Anti-Islamophobia drive ‘could protect grooming gangs’ | Politics | News
A Government campaign against Islamophobia could prevent grooming gangs guilty of horrific offences against children being brought to justice, a Labour politician has warned. Deputy Prime Minister Angela Rayner has appointed a group to draw up an official definition of Islamophobia.
But Labour member of the House of Lords Maurice Glasman said it would prevent people speaking about grooming gangs. He said: “Saying that ‘the systematic rape by overwhelmingly Pakistani Muslim men of underage English girls over more than two decades’ is not a sentence that should result in somebody losing their job or reputation. The potential new definition of Islamophobia could mean exactly that.”
A new policy note from think tank Policy Exchange calls for the Government to suspend the working group developing a definition of Islamophobia, at least until the National Inquiry on Grooming Gangs has concluded. The group is chaired by former Conservative Dominic Grieve.
Former top UK Diplomat Sir John Jenkins, the ex-Ambassador to Saudi Arabia and co-author of the report, has refused to engage with Grieve’s group. In a letter to Grieve – published for the first time today – he warns that any official definition of Islamophobia “will almost certainly turbocharge ‘cancel culture’” and would “be an undeniable act of two-tier policy, creating special status and protection for members of one faith alone.”
While there have always been concerns any definition would restrict freedom of speech and the ability to discuss problems in society openly, those concerns are now amplified. Baroness Casey, who published a damning report into the grooming scandal, was among those accused of Islamophobia for her work on Rotherham. In 2017, she was nominated by one Islamist activist group as “Islamophobe of the Year” for her original report into the scandal.
The late Andrew Norfolk, the journalist who did more than any other to expose the scale of the grooming gang scandal in Rotherham, was also repeatedly denounced for having thereby amplified Islamophobia.
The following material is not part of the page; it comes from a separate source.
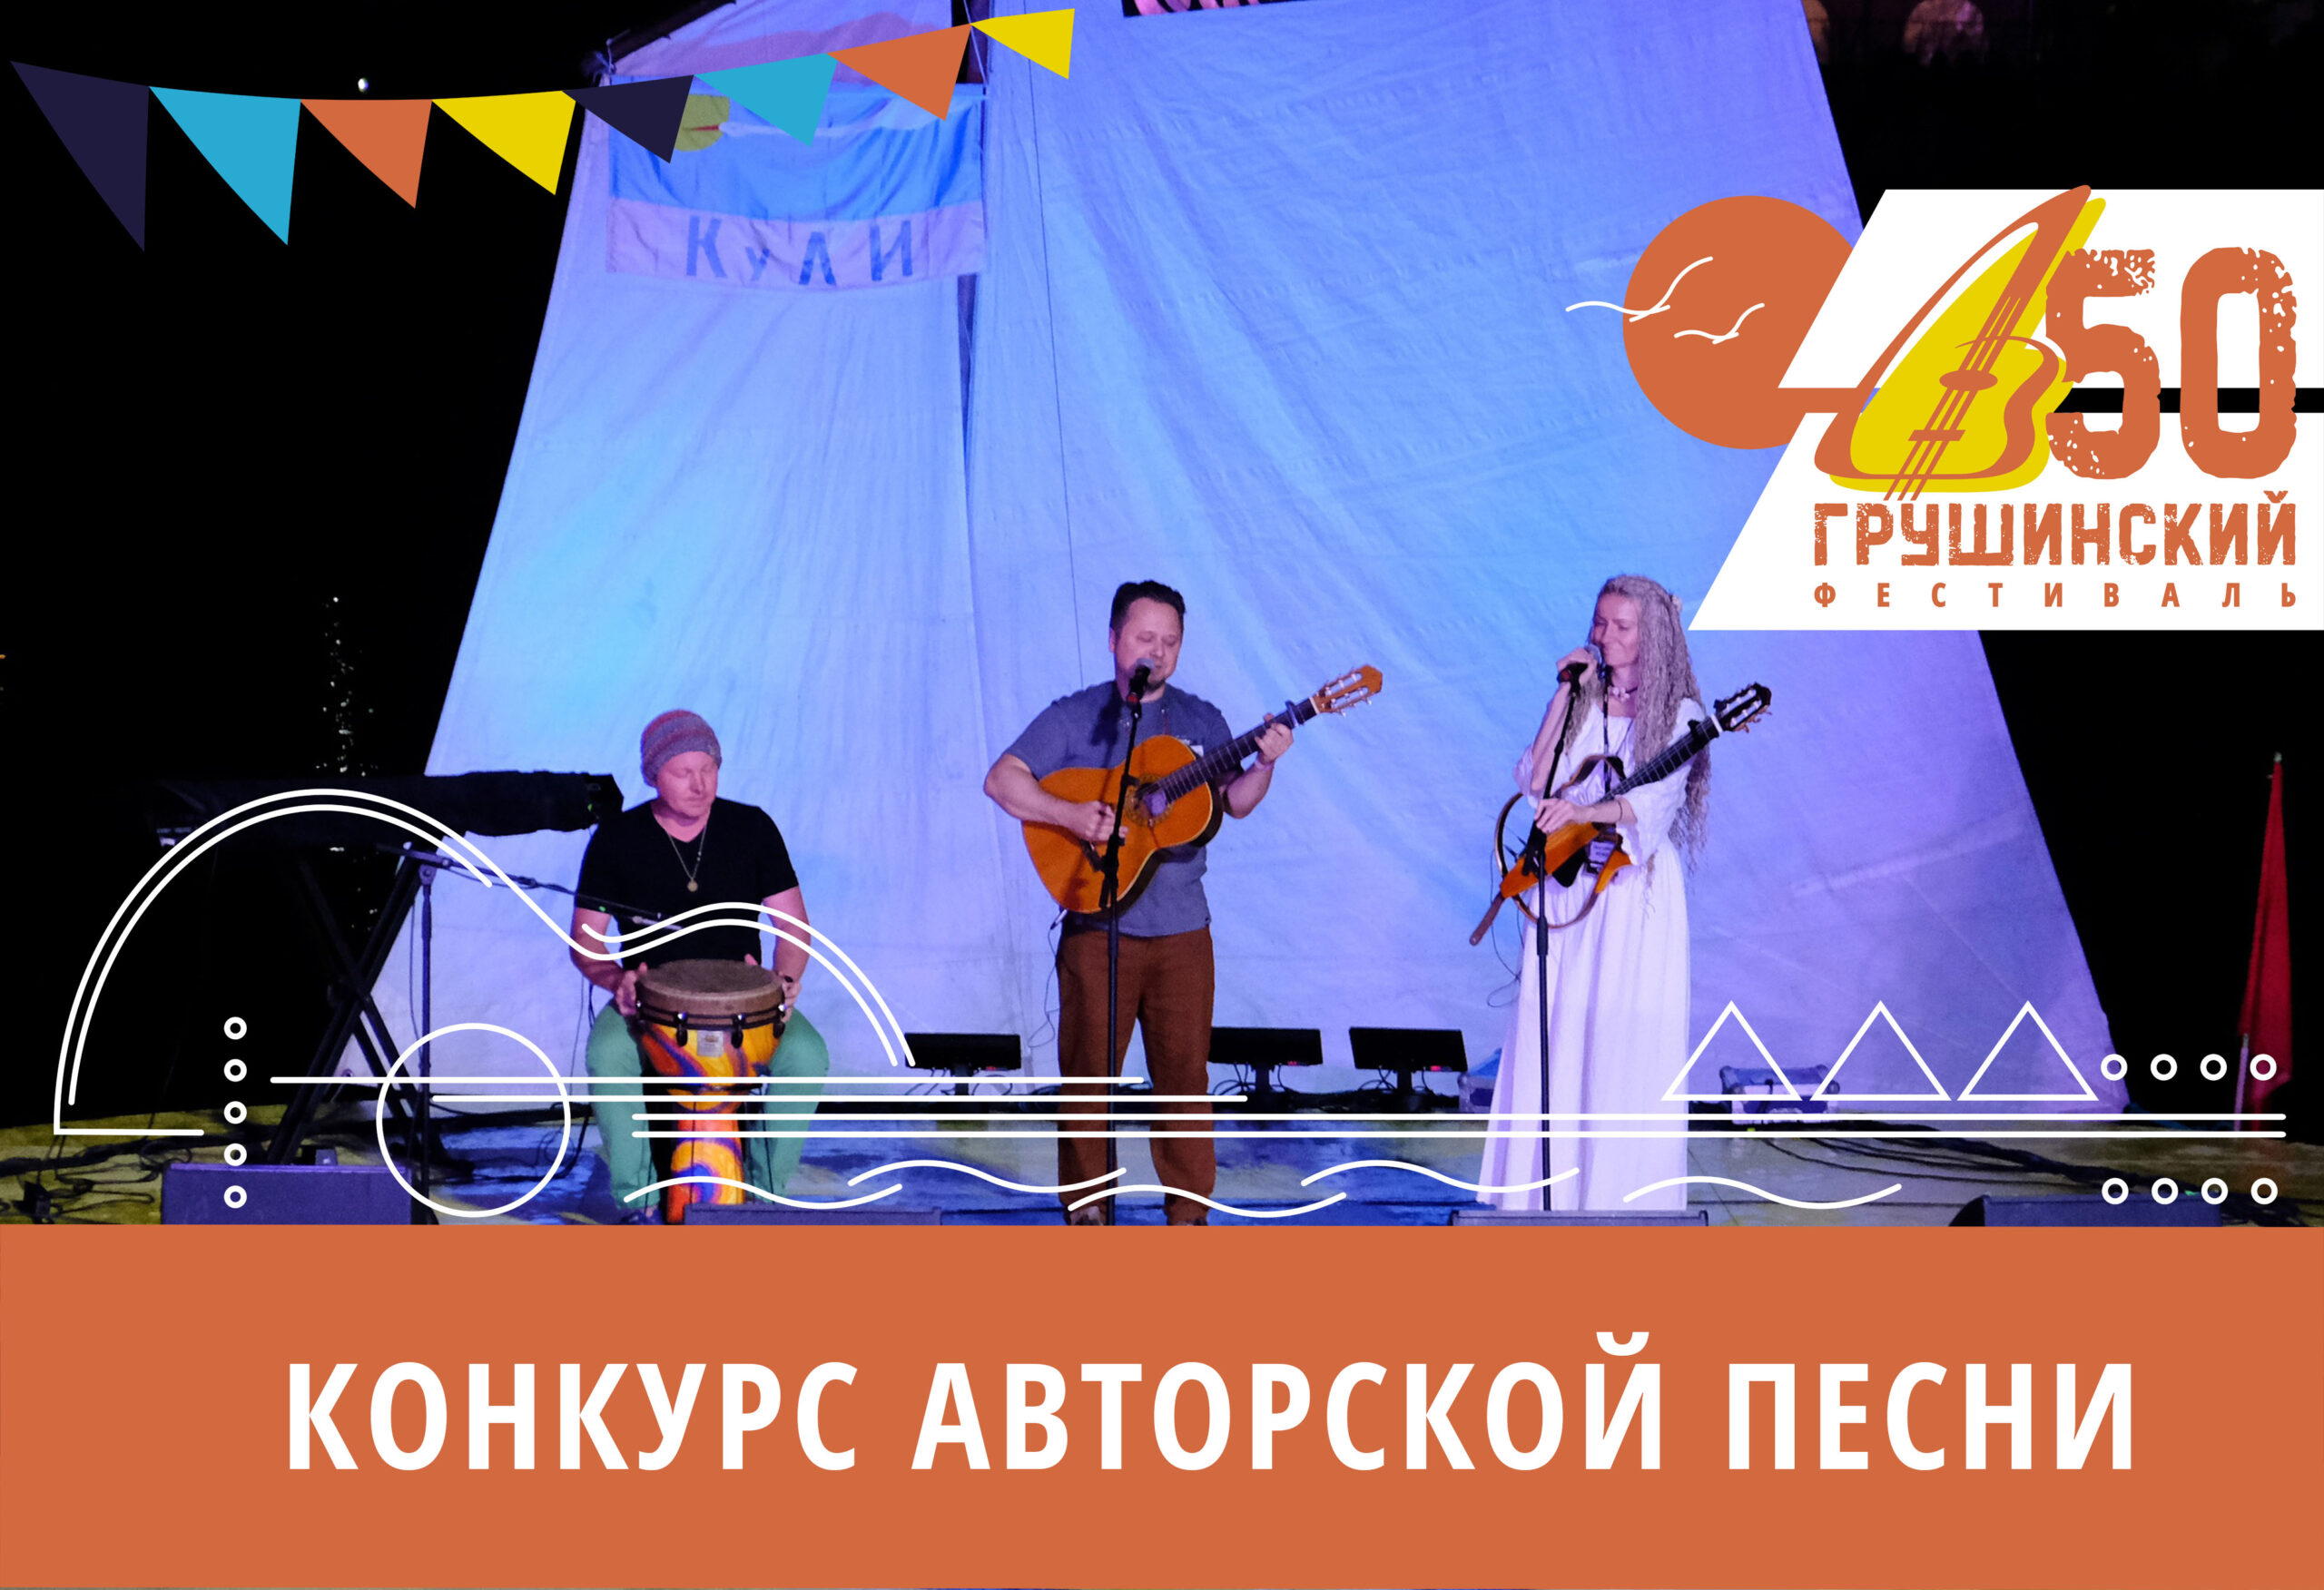 Заявки на участие в конкурсе авторской песни 50 Грушинского фестиваля прислали участники из более чем15 городов России и Белоруссии

When Sir Trevor Phillips, the former founding Chair of the Equality and Human Rights Commission, was suspended from the Labour Party for alleged Islamophobia, the first item cited in the disciplinary letter from the party to him was that he had written about “the exposure of systematic and longstanding abuse by men, mostly of Pakistani Muslim origin in the North of England.”
Anti-Muslim hatred and discrimination should continue to be prosecuted whenever it occurs, utilising existing legislation, the Police Exchange think tank said.